== Data shown ==
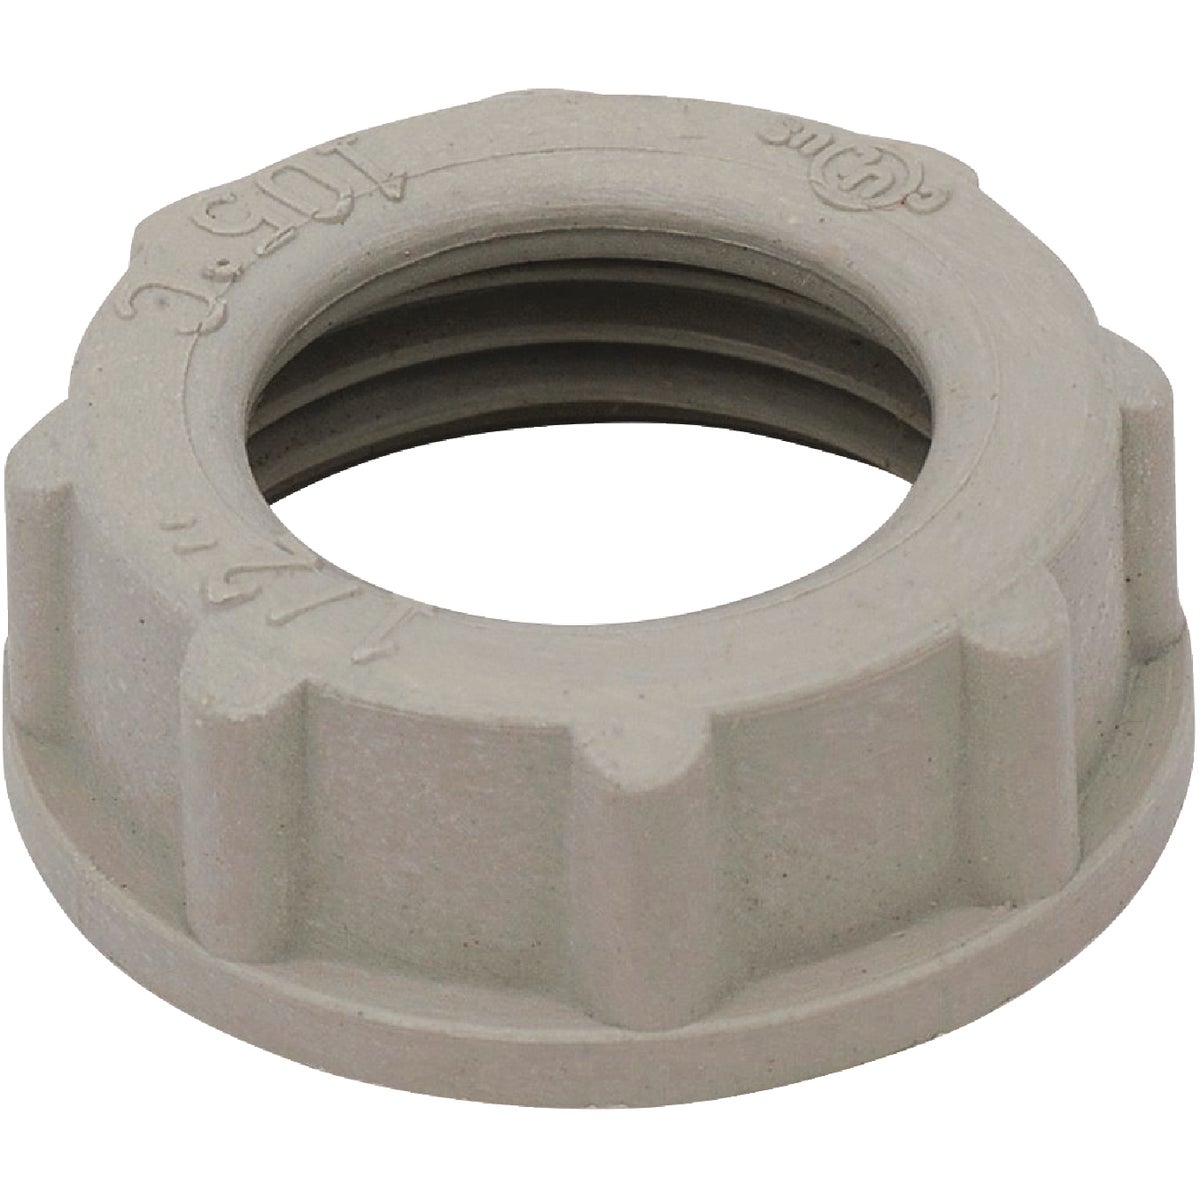 Southwire Madison Electric 3/4 In. Rigid/EMT Insulating Conduit Bushing (100-Pack)
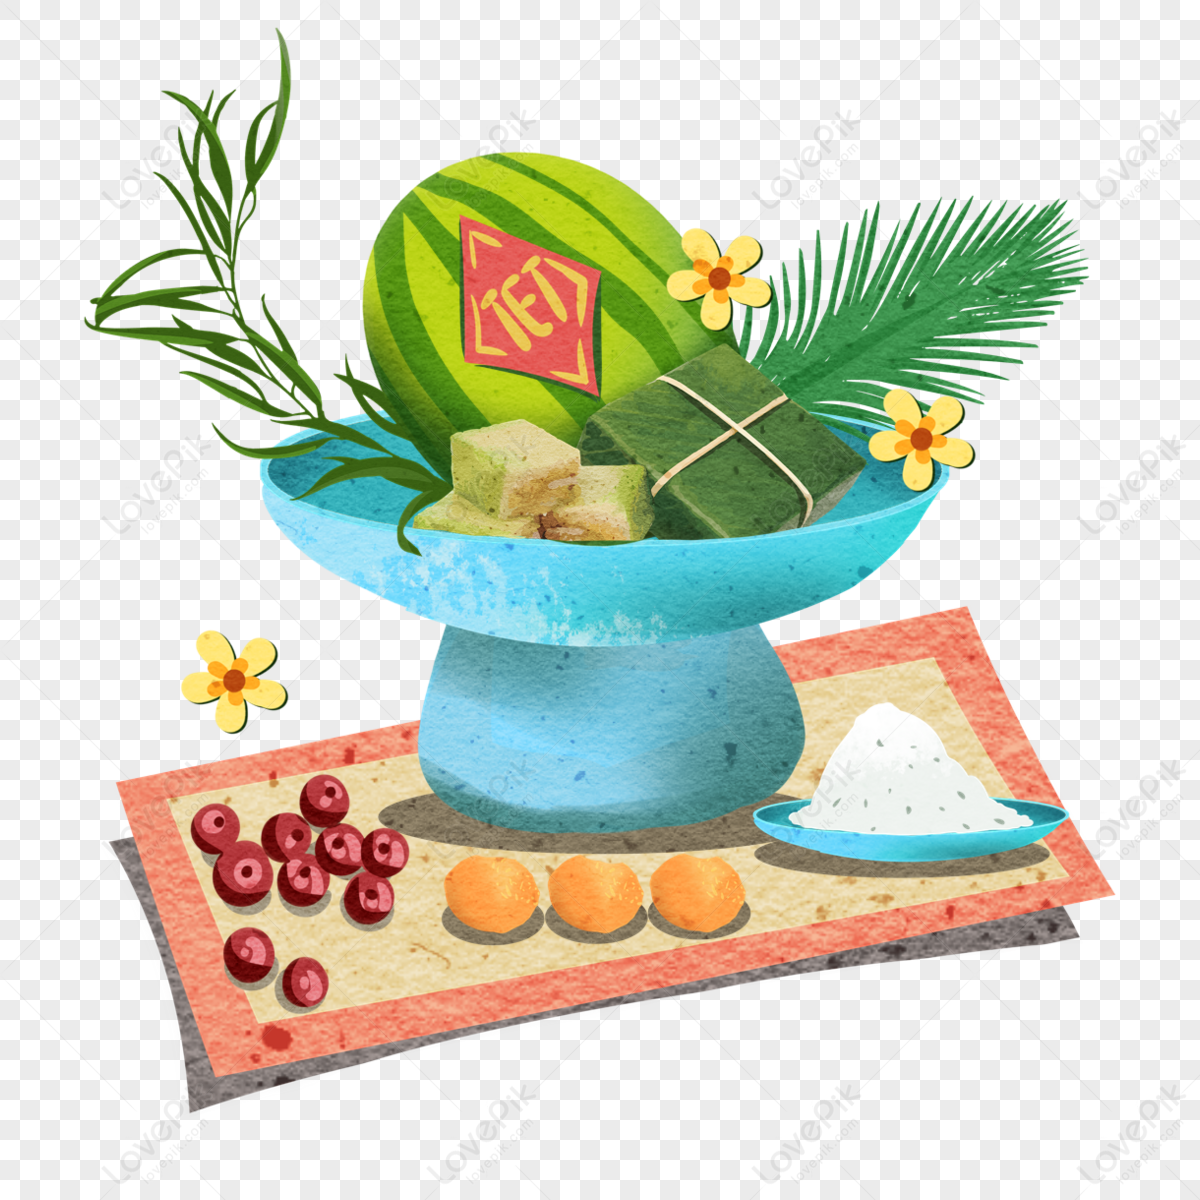 Free Fruit Plate PNG Images With Transparent Background | Free Download ...
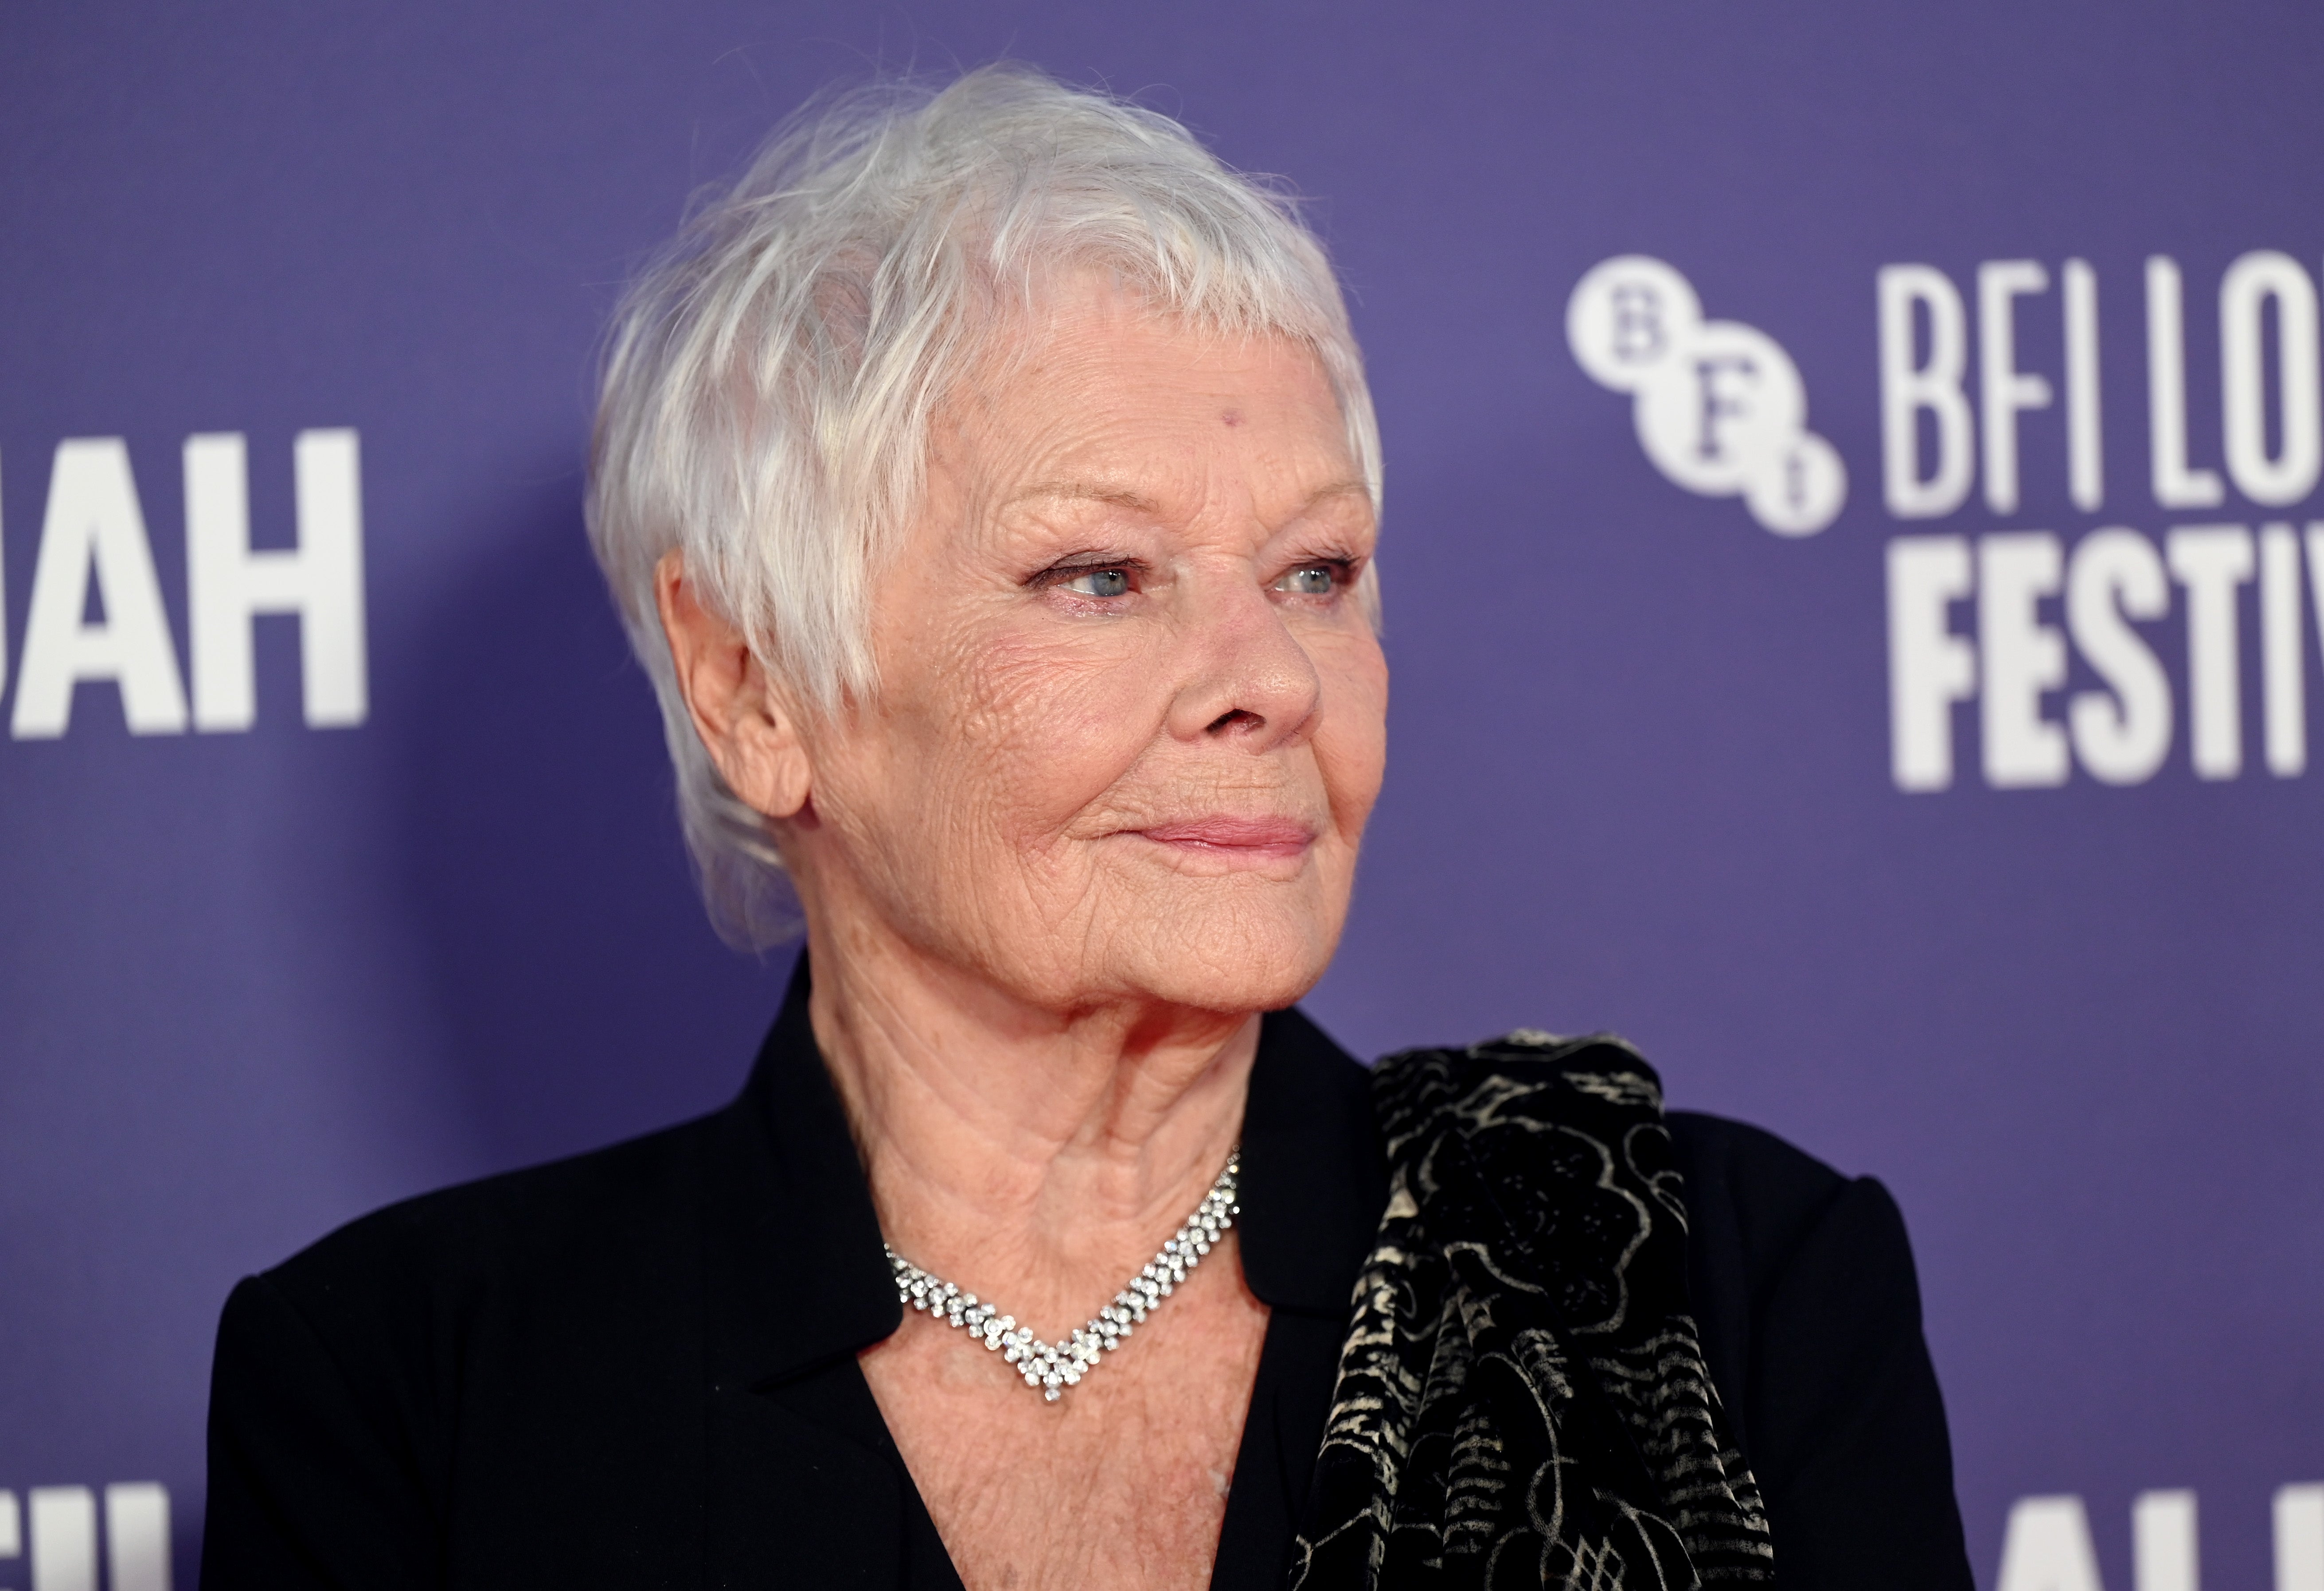 Judi Dench attends the ‘Allelujah’ European Premiere during the 66th BFI London Film Festival at Southbank Centre in London on 9 October 2022
===
◆ **What to work on**:
The lines above must be transcribed exactly, with every picture left out.

◆ **Output for this task**:
 Southwire Madison Electric 3/4 In. Rigid/EMT Insulating Conduit Bushing (100-Pack)
 Free Fruit Plate PNG Images With Transparent Background | Free Download ...
 Judi Dench attends the ‘Allelujah’ European Premiere during the 66th BFI London Film Festival at Southbank Centre in London on 9 October 2022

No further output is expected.